US Deputy Defense Secretary Kathleen Hicks

A senior Pentagon official says a conflict between the United States and China is not inevitable, calling on both sides to avoid an unnecessary escalation in tensions.

US Deputy Defense Secretary Kathleen Hicks told a virtual event on Friday that Washington did not believe that a conflict with China was inevitable.

But, she said, both Beijing and Washington have to do their part to avoid a needless escalation in tensions.

“The United States and China have every reason to communicate with each other,” Hicks said, adding that “extreme competition” did not necessarily equate conflict.

She admitted that China had “the economic, military and technological capability to challenge the international system and American interests within it.”
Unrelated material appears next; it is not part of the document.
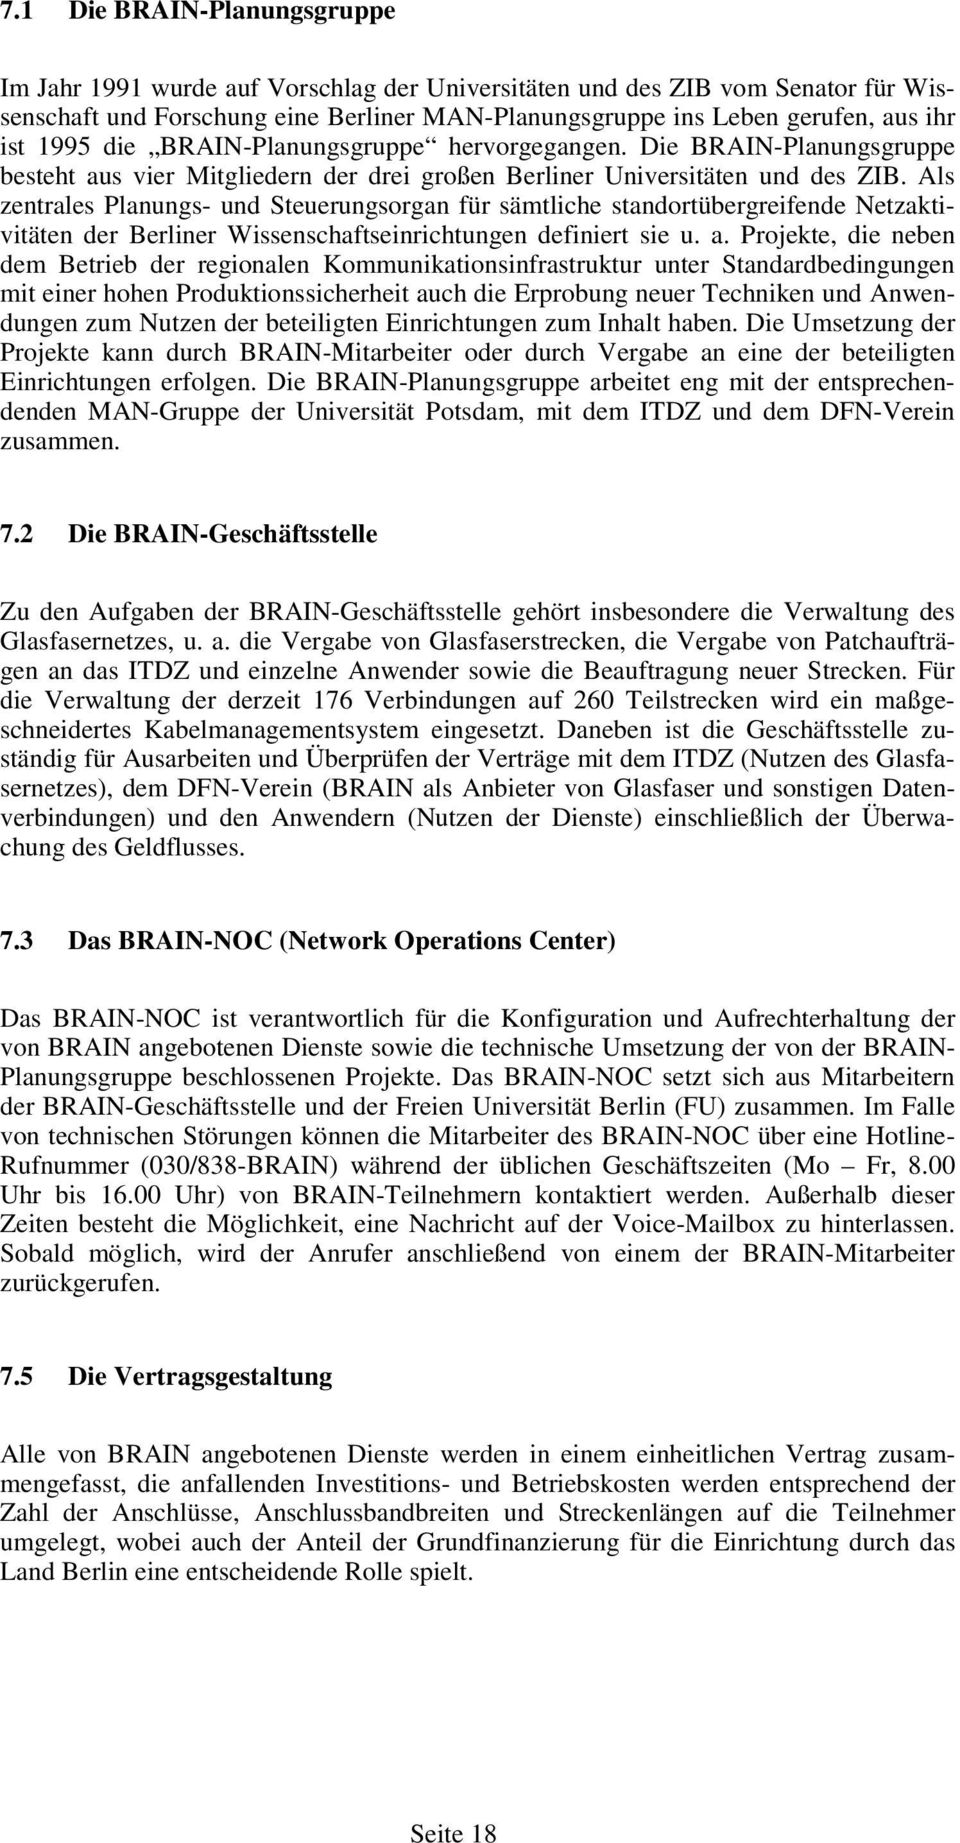 Als zentrales Planungs- und Steuerungsorgan für sämtliche standortübergreifende Netzaktivitäten der Berliner Wissenschaftseinrichtungen definiert sie u. a.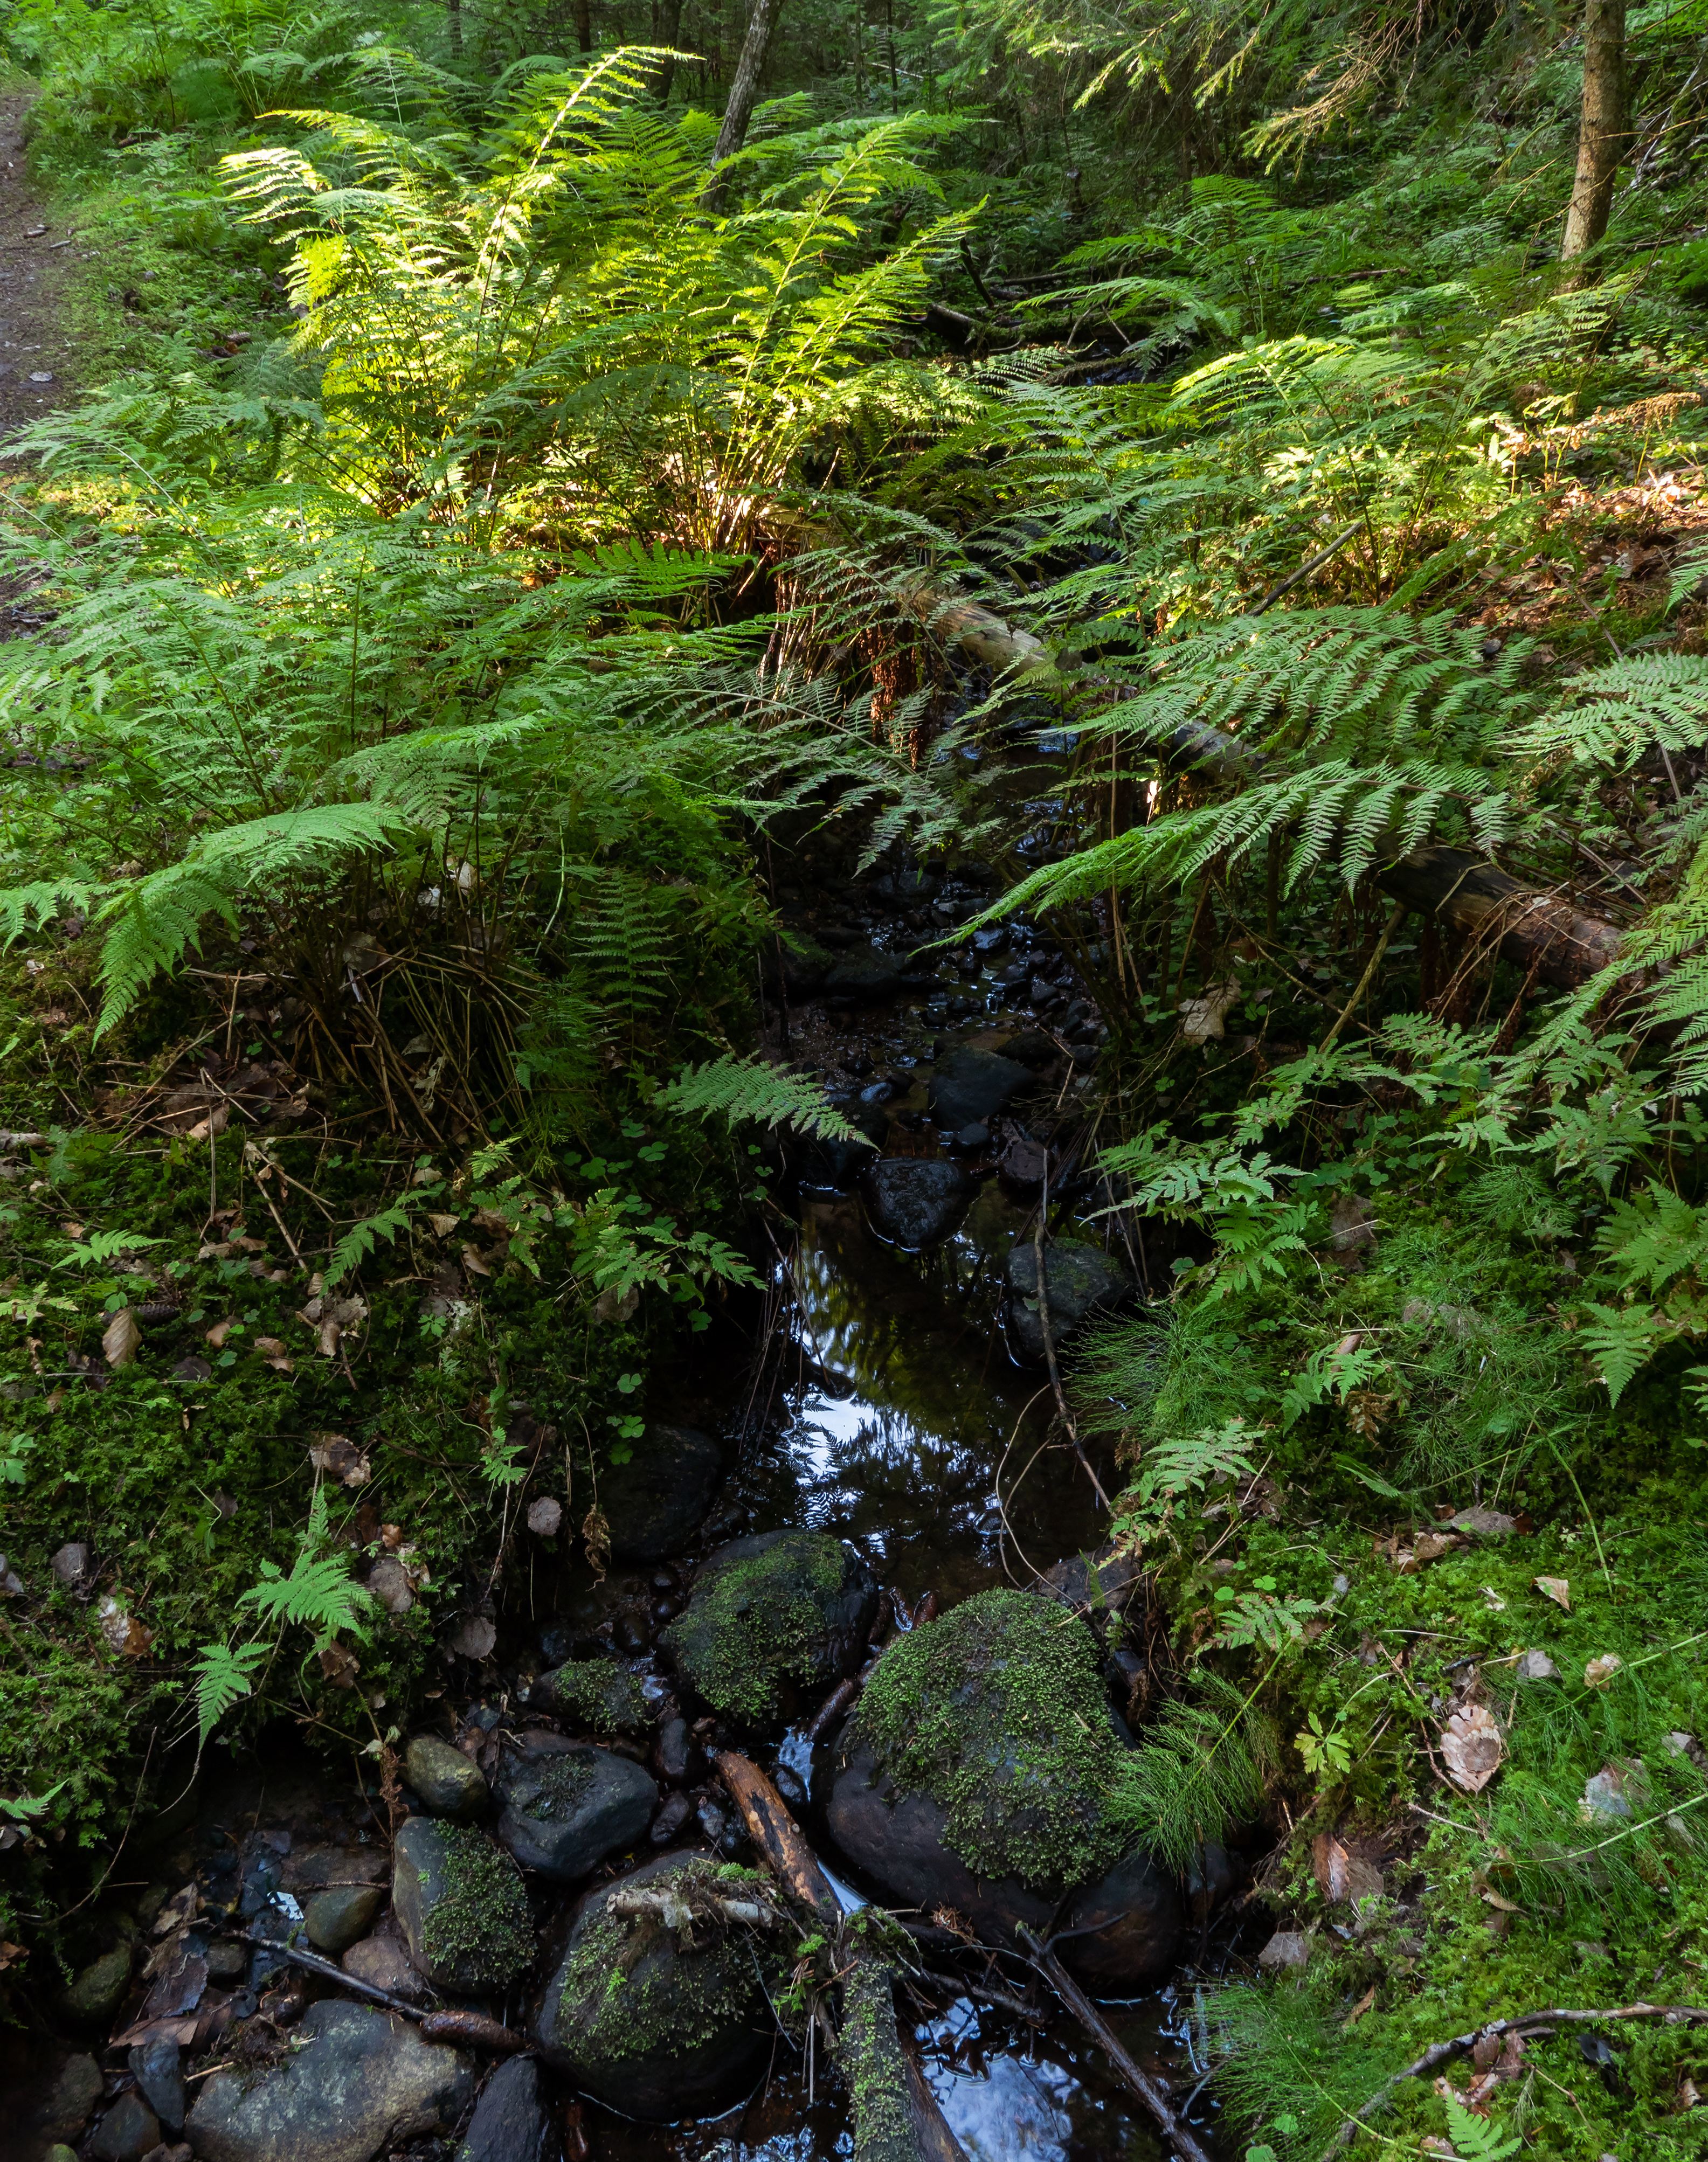 Ferns by the stream in Gullmarsskogen ravine, Boulders, Ferns, Forest, Gullmarsskogen, HQ Photo

China, she said, could use a broad range of tools, “from routine statecraft through the use of sharp power or gray zone tactics, to the potential for sustained combat operations and an expanded and capable nuclear enterprise.”

She also pointed to china’s growing military, space, and cyber capabilities.

Hicks, however, told the event, which was hosted by the US-based think tank Aspen Institute, that if the US’s “vital interests are threatened, we will ensure the US ability to fight and win.”

Her remarks came just days after Biden told Congress that his administration did not seek conflict with China, but vowed to maintain a military presence in the Indo-Pacific region.

The president said that he had told his Chinese counterpart, Xi Jinping, that the US “will maintain a strong military presence in the Indo-Pacific just as we do with NATO in Europe, not to start conflict, but to prevent conflict.”

This came despite China’s constant warnings against challenging its sovereignty over Chinese Taipei and in areas in the South and East China Seas.

Chinese Foreign Ministry spokesman Wang Wenbin warned on Tuesday that US military activity was increasing under Biden.

Wang also reiterated that Beijing “is committed to developing a relationship with the US based on non-conflict and non-confrontation.”

China and the US are at odds over a range of issues, including Hong Kong, Chinese Taipei, and the South and East China Seas.